## Required work
Starting at the line that contains "Solution:29.32333332 as a", transcribe every remaining line of the data below exactly, and omit all pictures.

## Available data
********
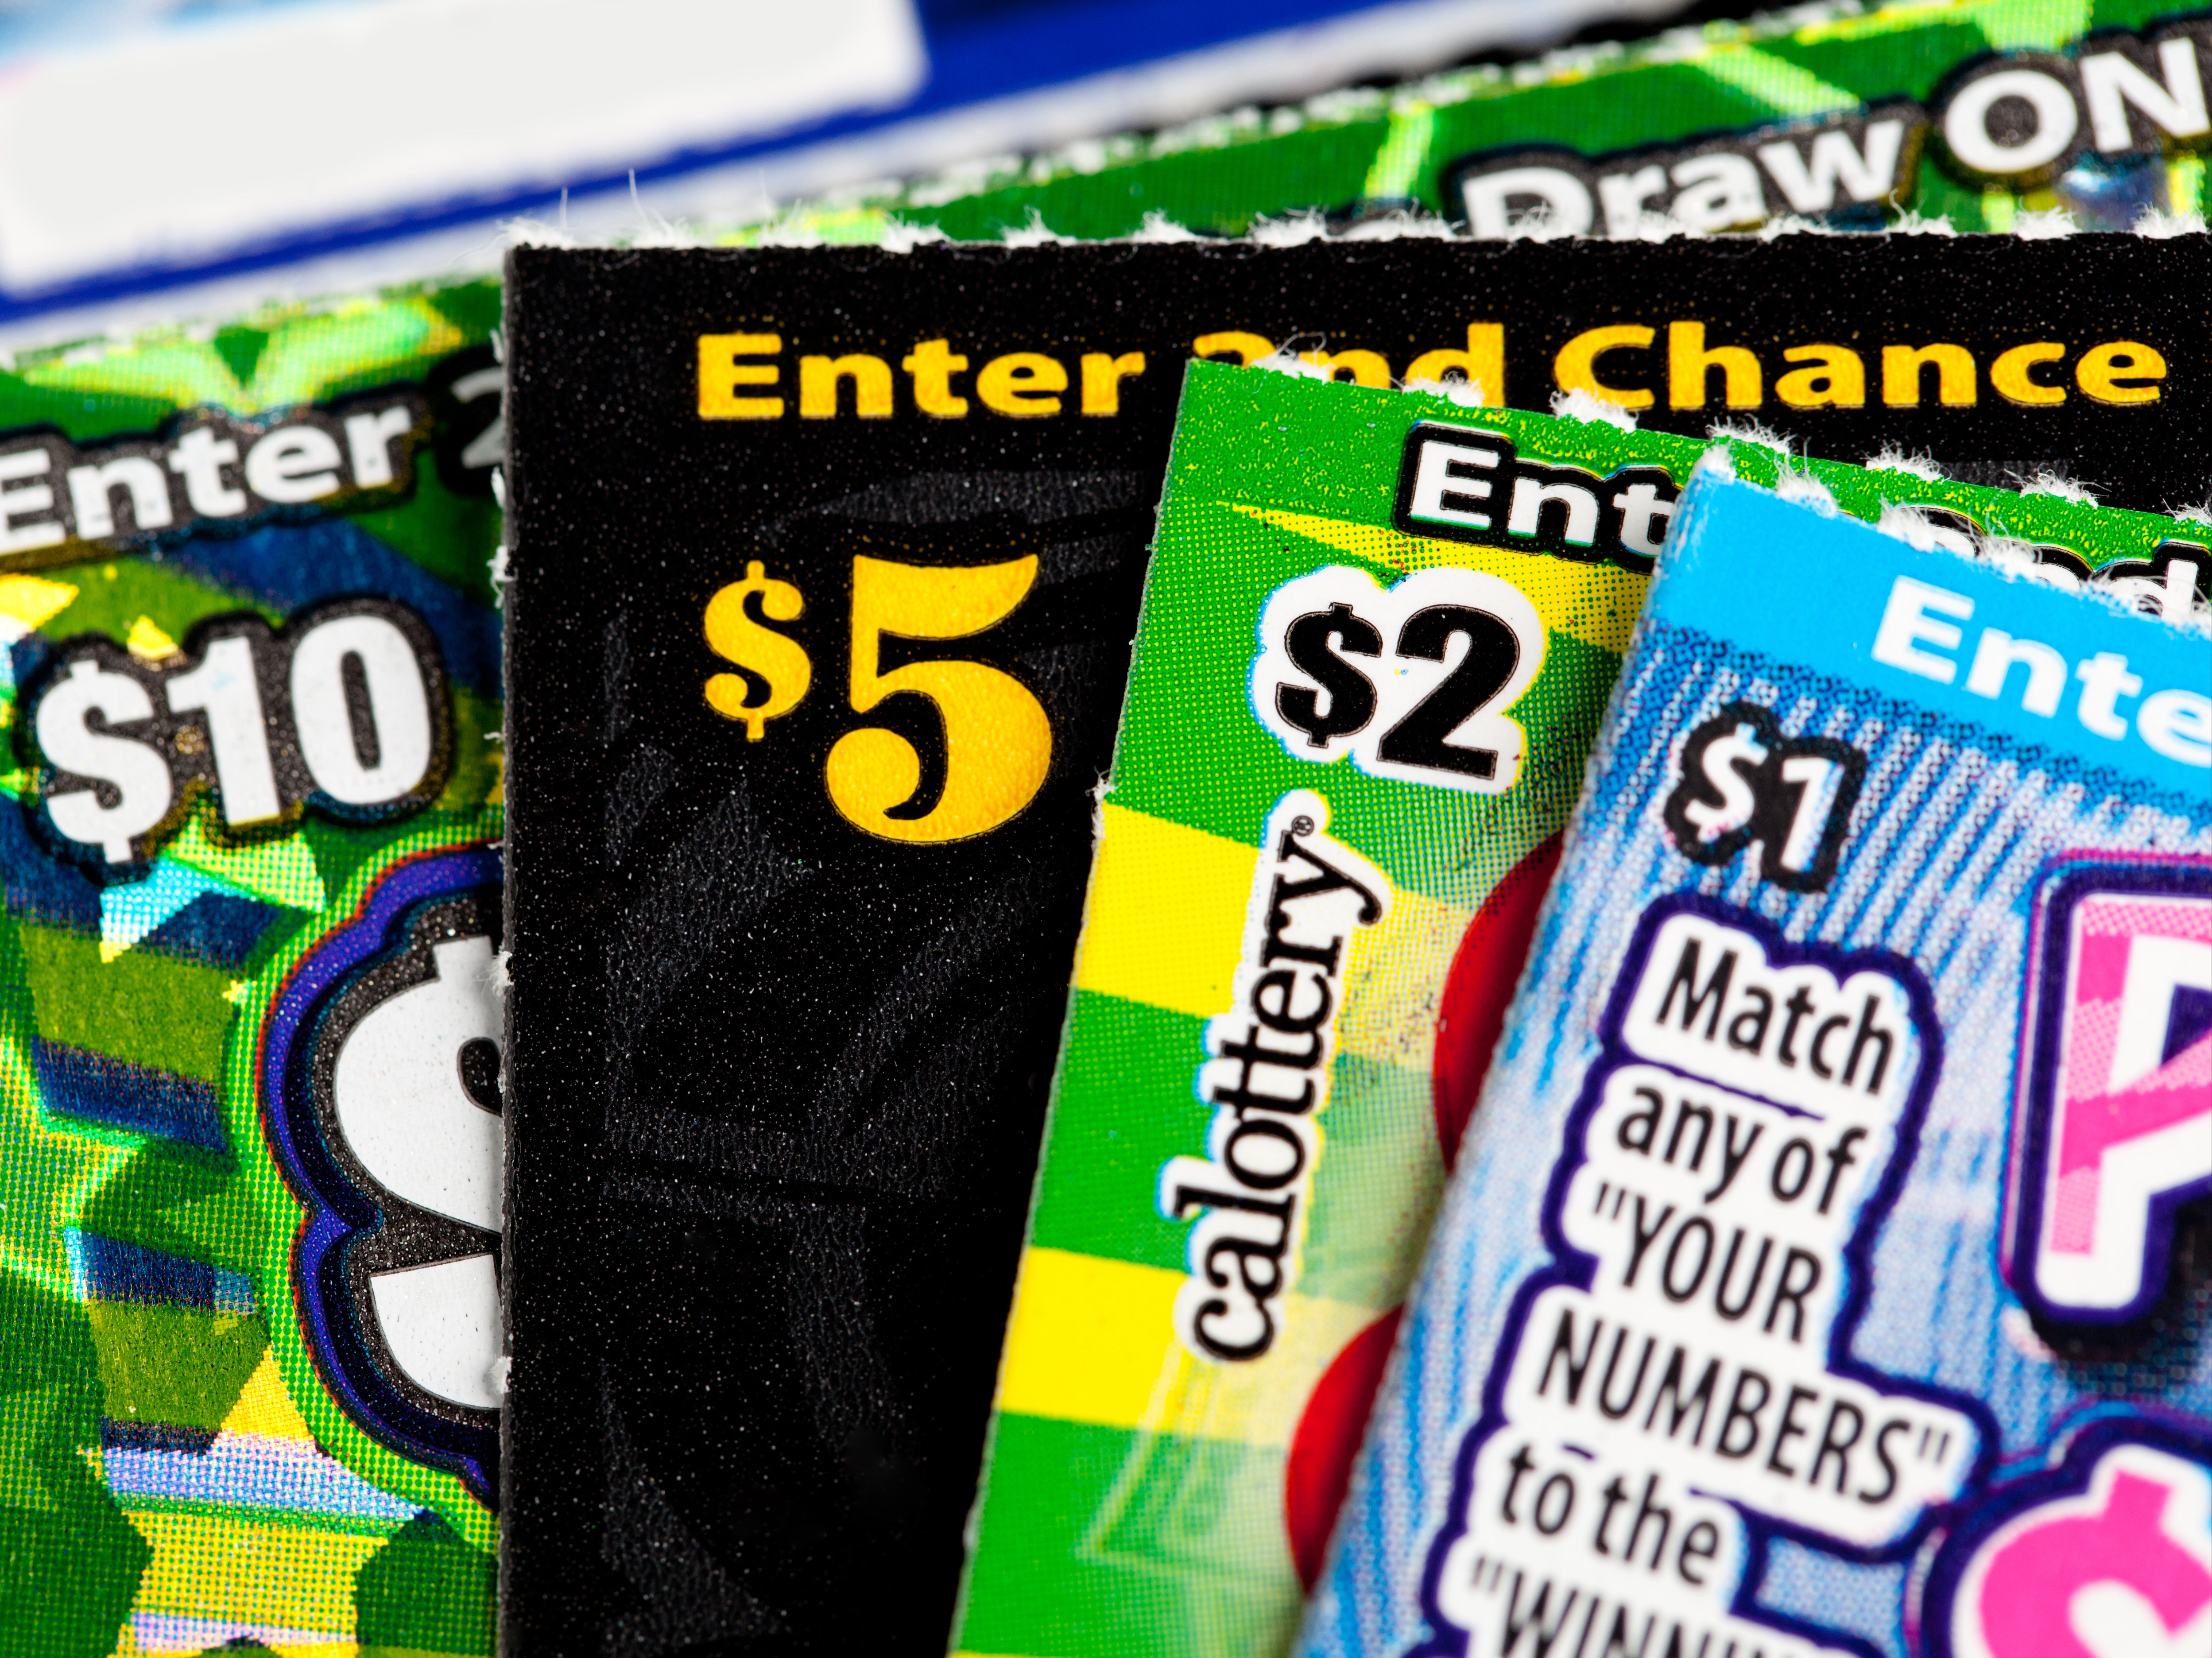 Representational image: California lottery tickets are listed at $1-10 a piece
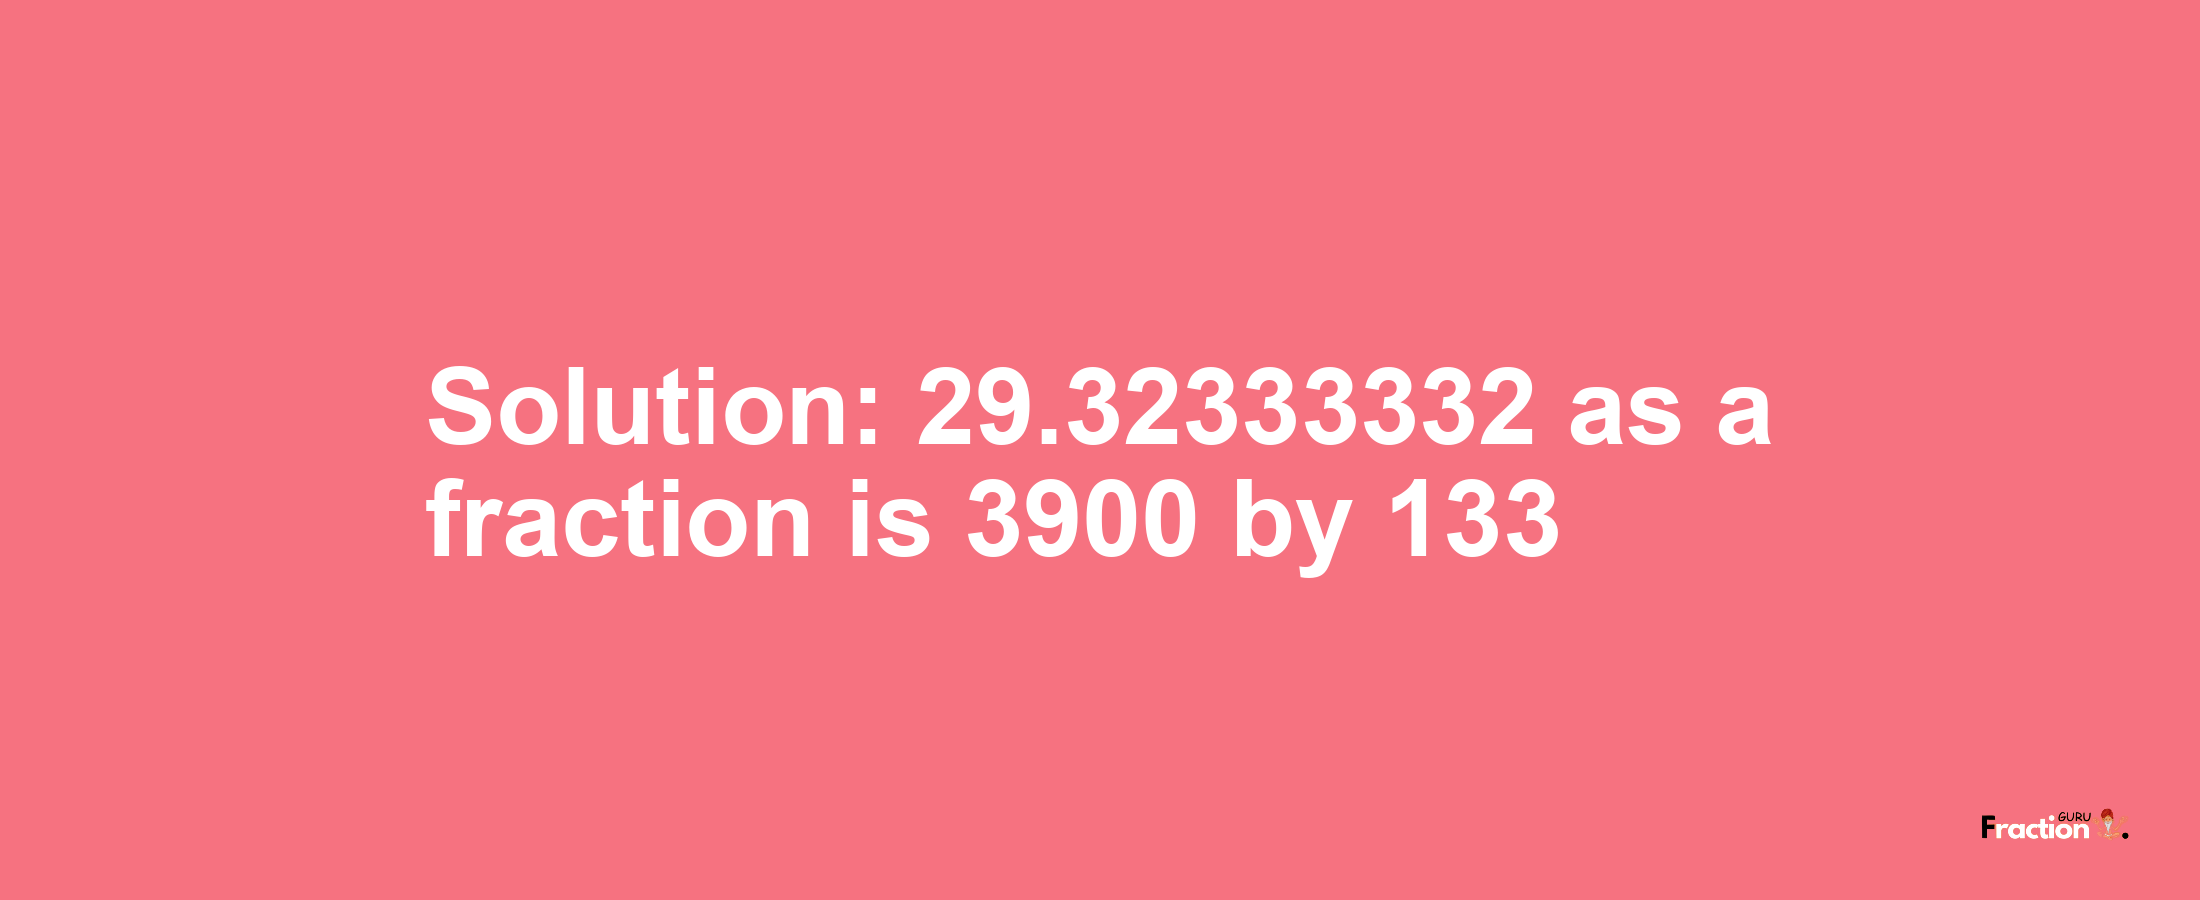 Solution:29.32333332 as a fraction is 3900/133
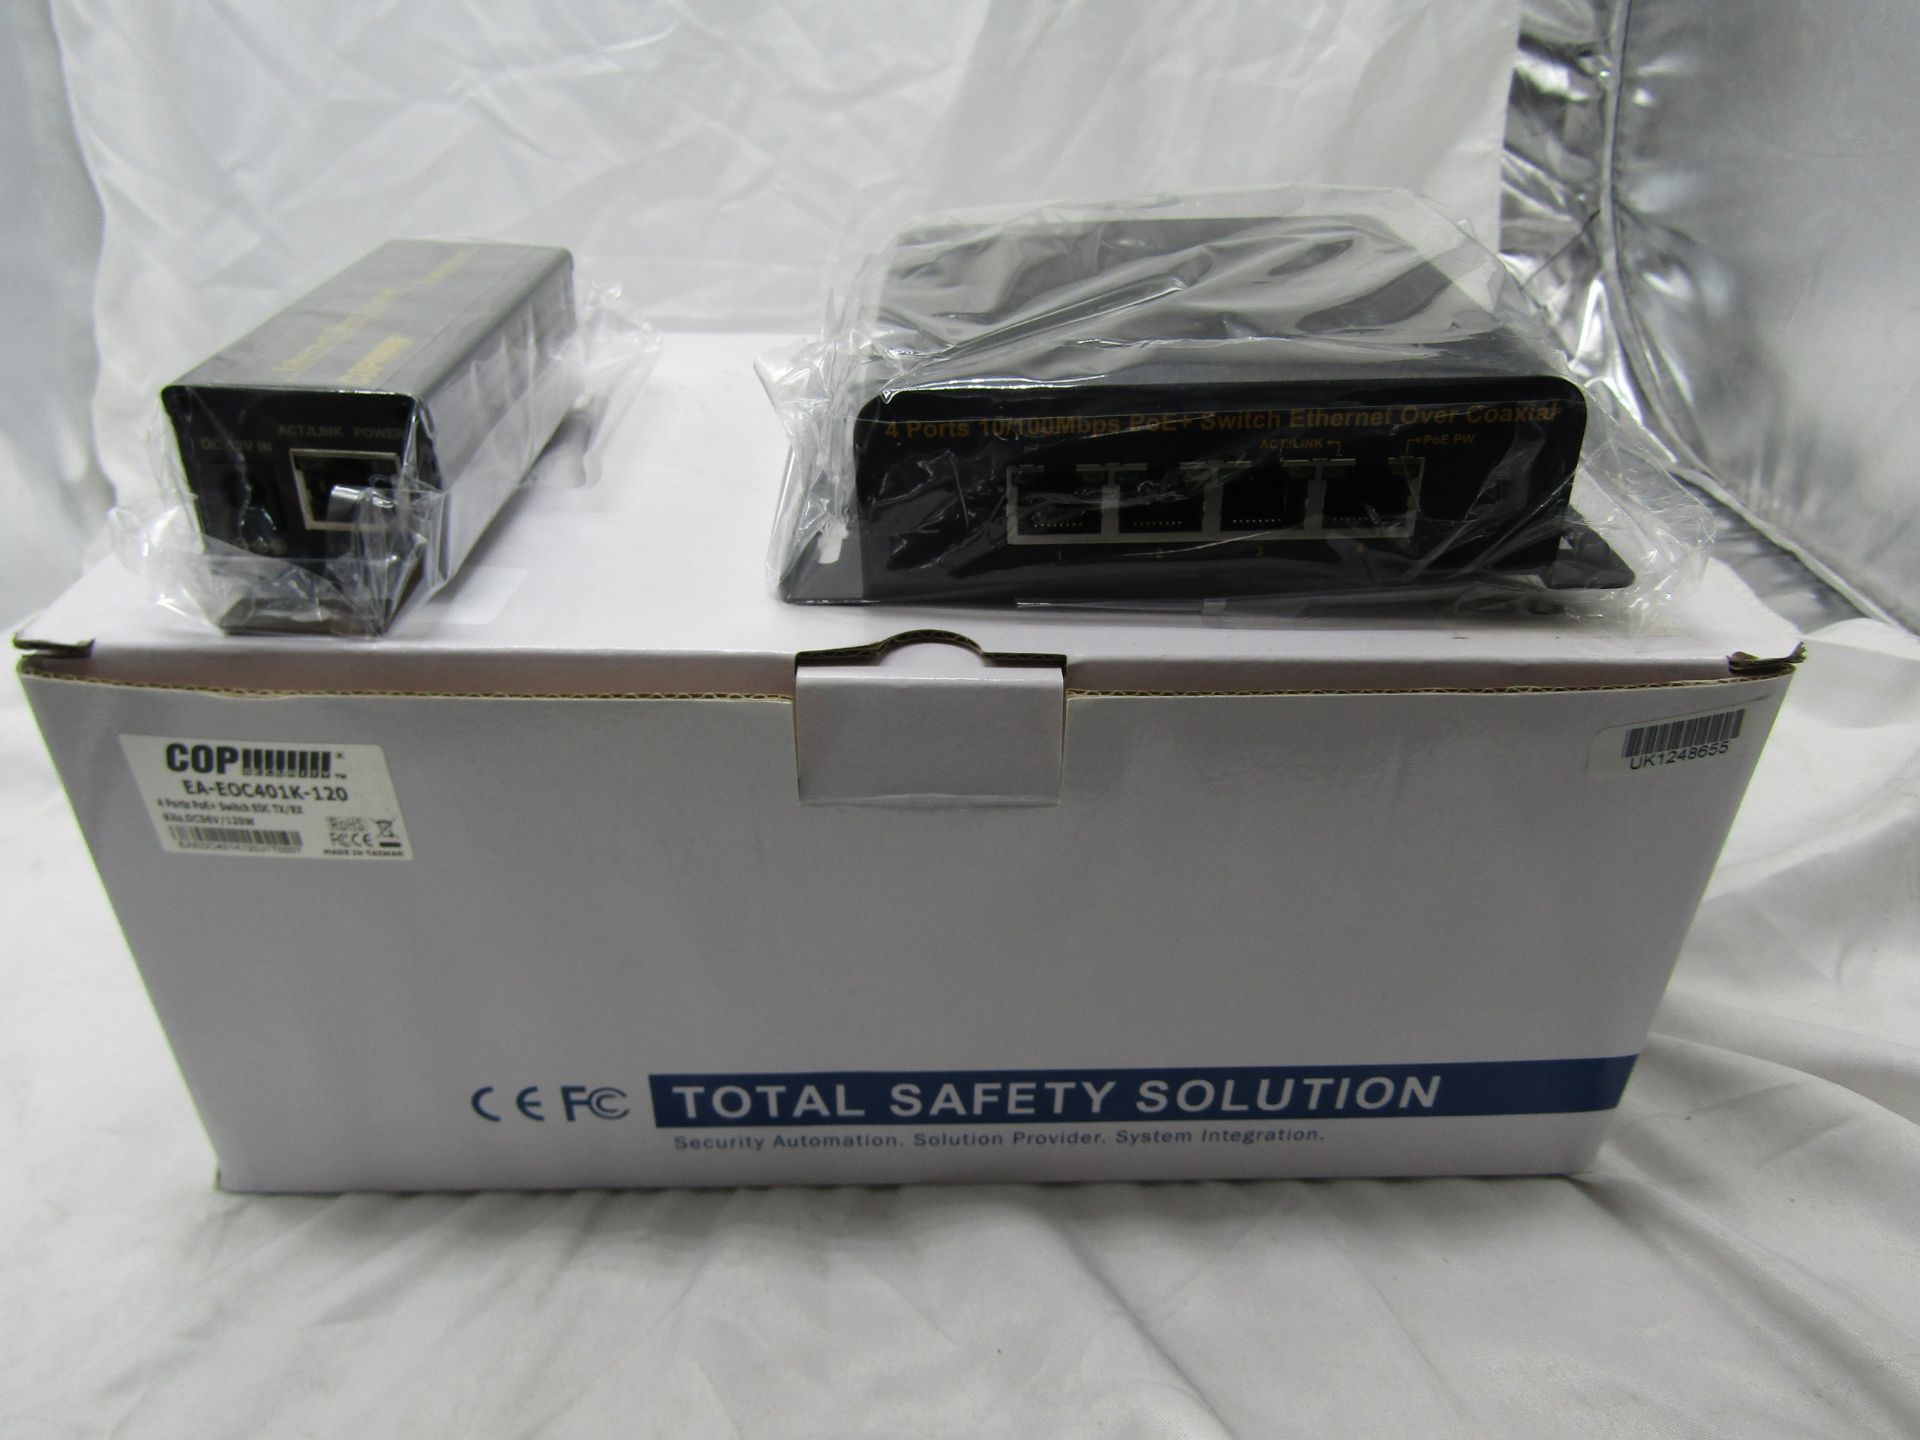 one lot of over 200 items of CCTV and Surveillance equipment, includes DVRs, Cameras, Thermal - Image 88 of 104
********
## Task output
 Solution:29.32333332 as a fraction is 3900/133
 one lot of over 200 items of CCTV and Surveillance equipment, includes DVRs, Cameras, Thermal - Image 88 of 104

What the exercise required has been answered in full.